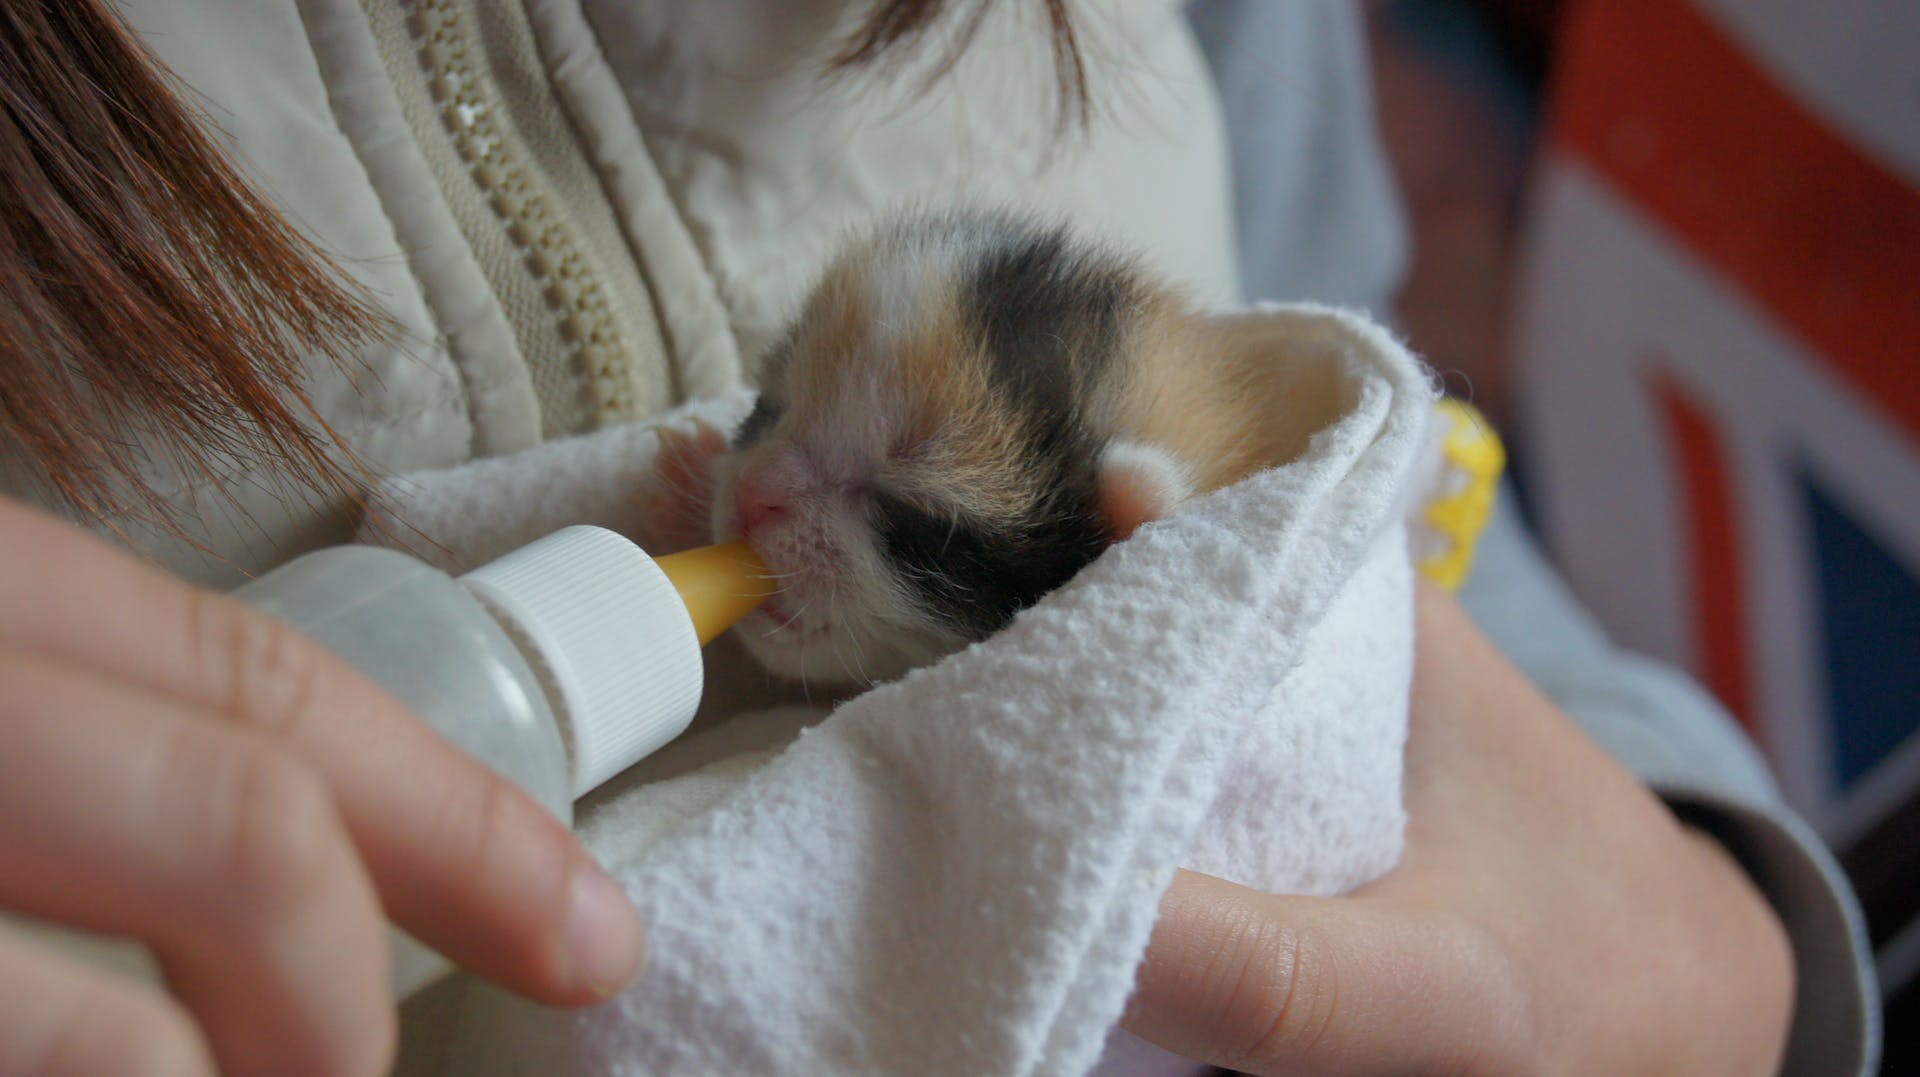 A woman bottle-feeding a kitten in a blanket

^^^^^^^^^^^^^^^^

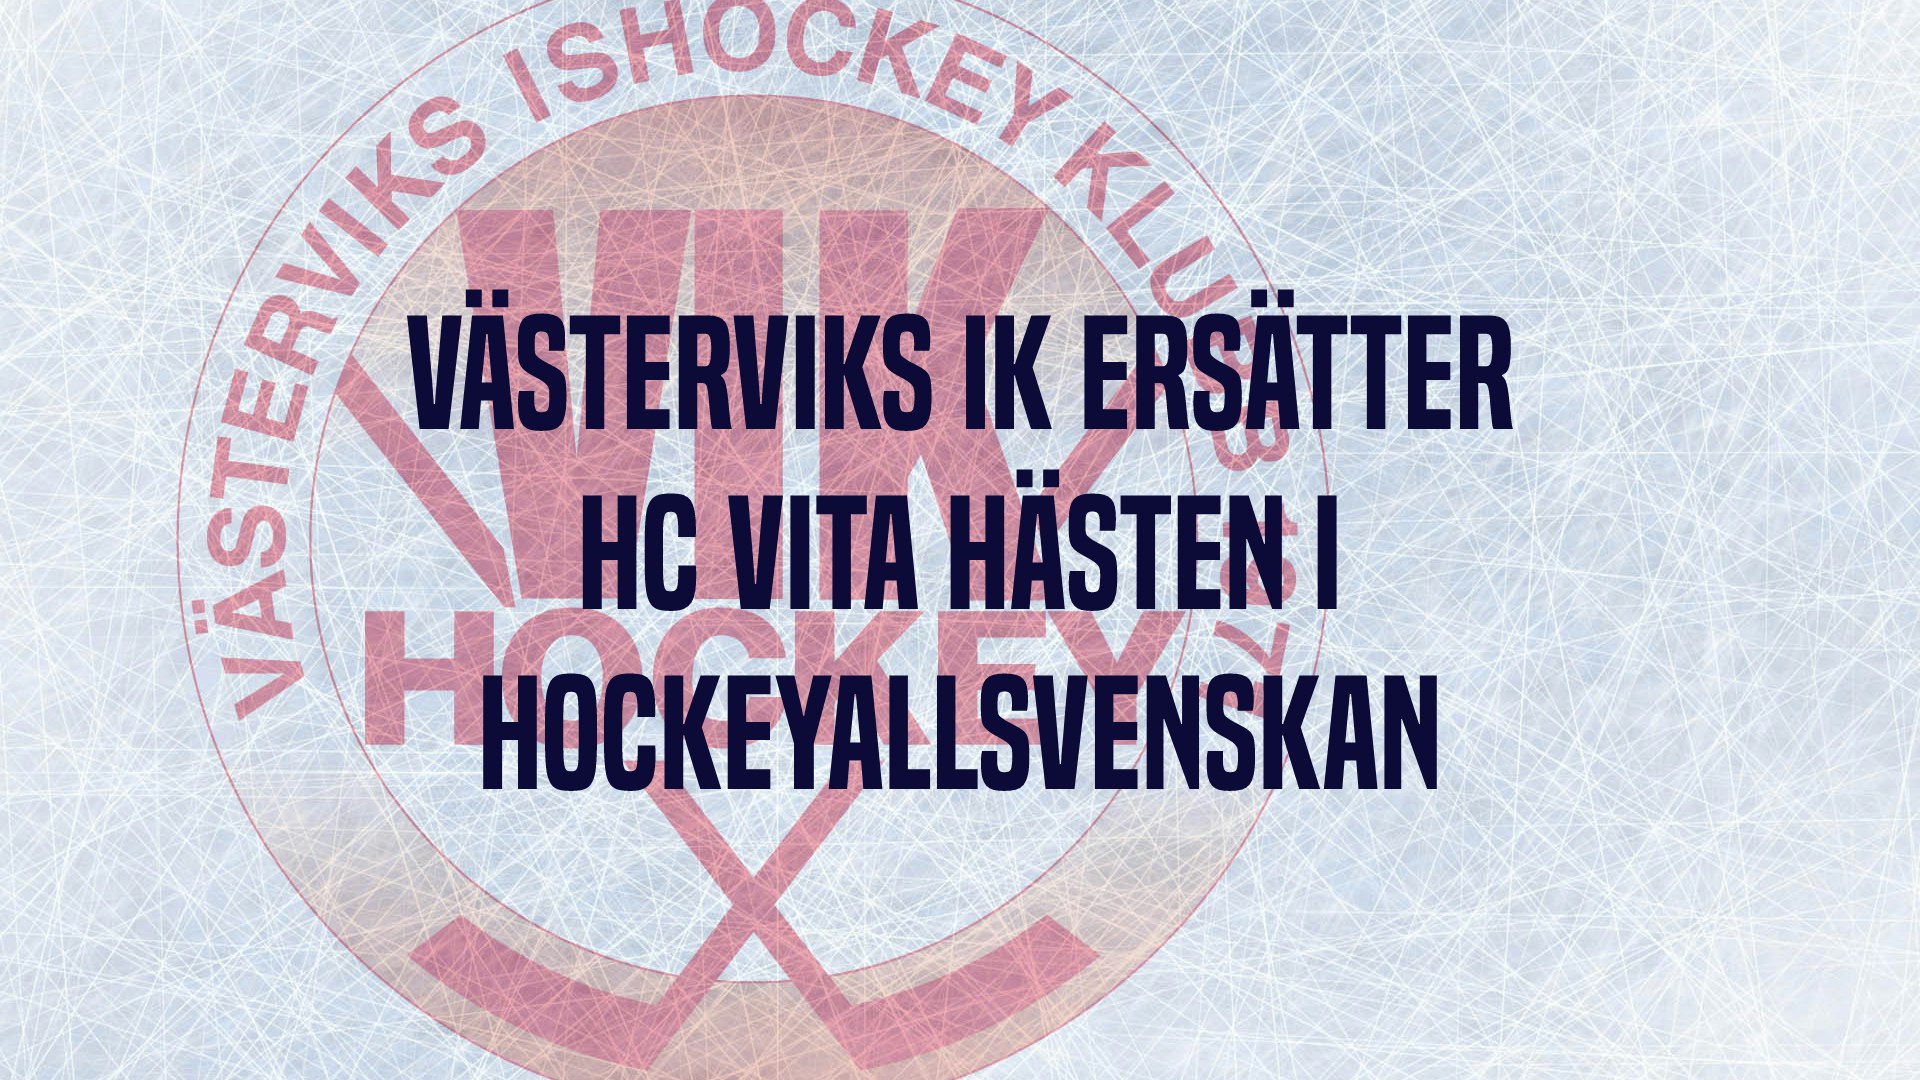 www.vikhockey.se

^^^^^^^^^^^^^^^^

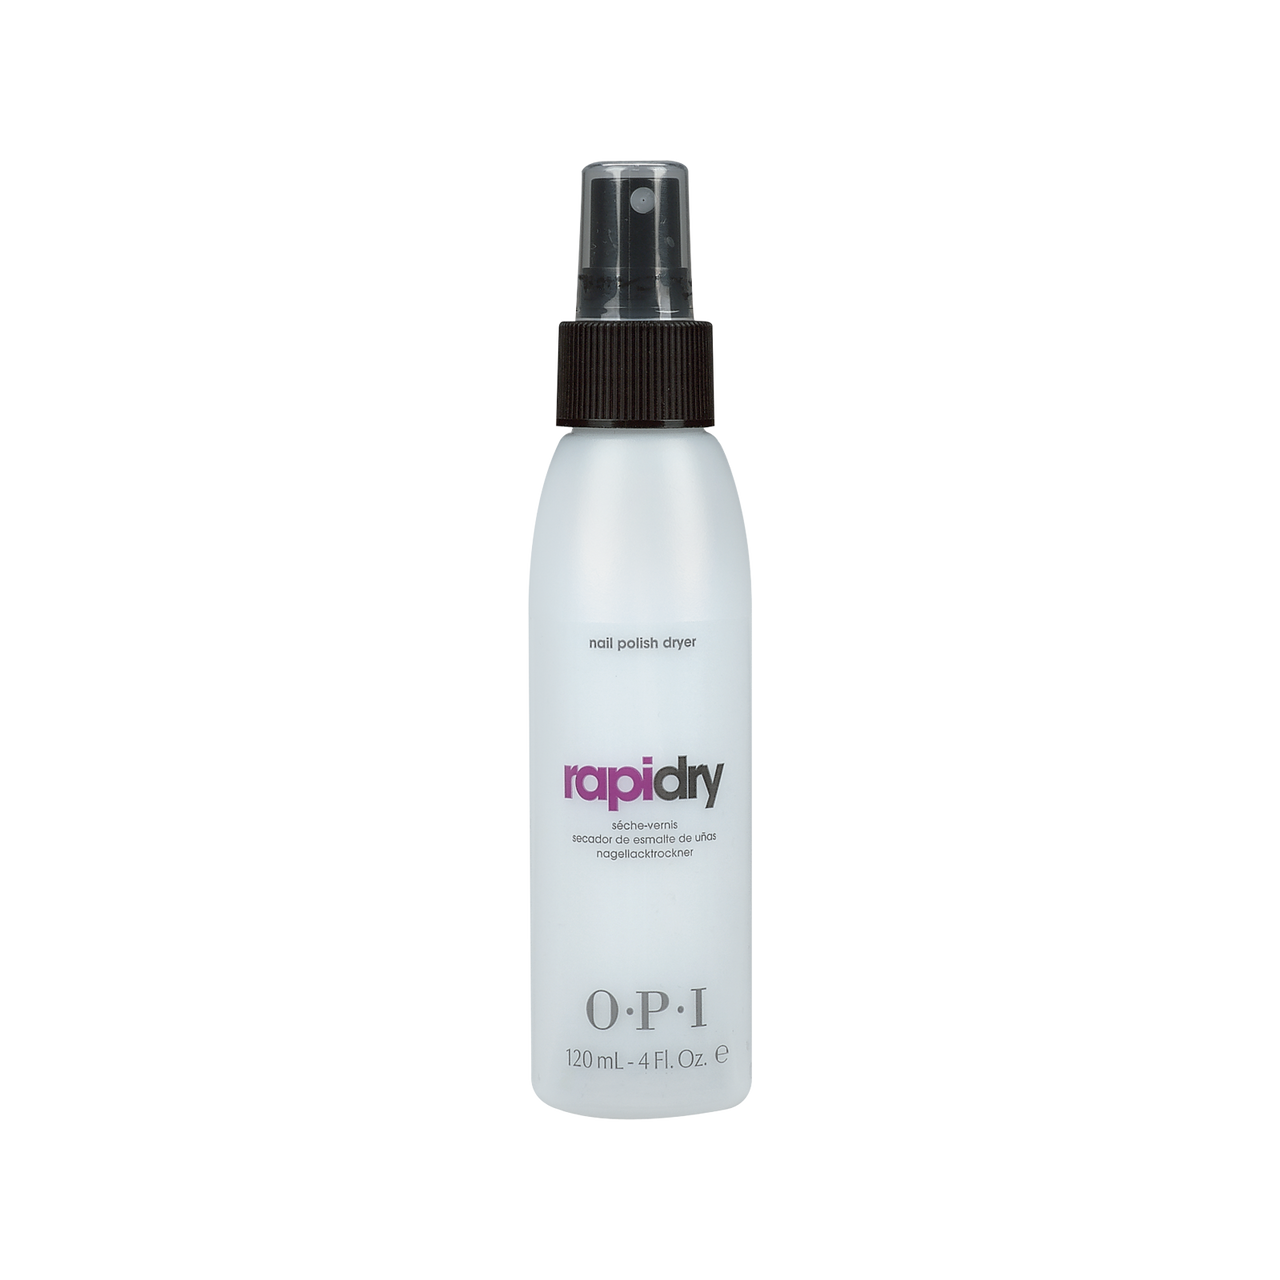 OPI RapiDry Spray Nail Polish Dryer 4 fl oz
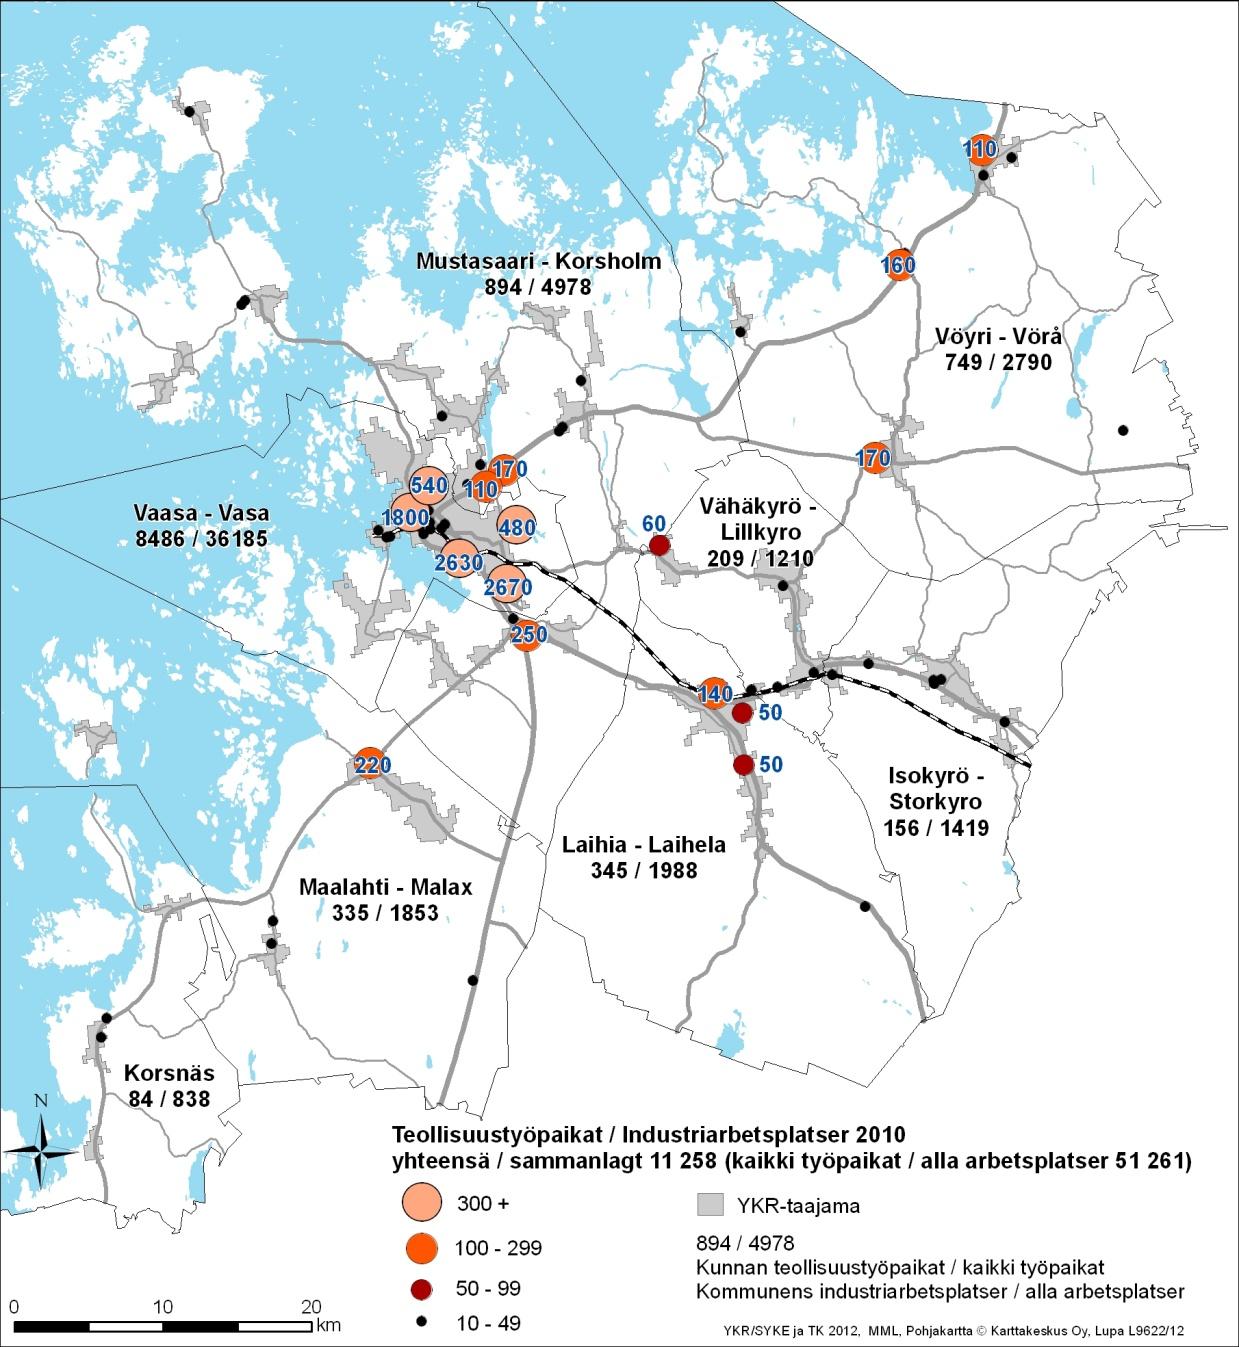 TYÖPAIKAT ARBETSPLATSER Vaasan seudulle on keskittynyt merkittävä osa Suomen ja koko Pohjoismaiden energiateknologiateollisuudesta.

^^^^^^^^^^^^^^^^

**Exercise goal:** Above are the records; restate exactly the lines from the one containing "OPI RapiDry Spray Nail Polish Dryer 4 fl oz" through the one containing "TYÖPAIKAT ARBETSPLATSER Vaasan", keeping pictures out.

**Solved problem:**
 OPI RapiDry Spray Nail Polish Dryer 4 fl oz
 TYÖPAIKAT ARBETSPLATSER Vaasan seudulle on keskittynyt merkittävä osa Suomen ja koko Pohjoismaiden energiateknologiateollisuudesta.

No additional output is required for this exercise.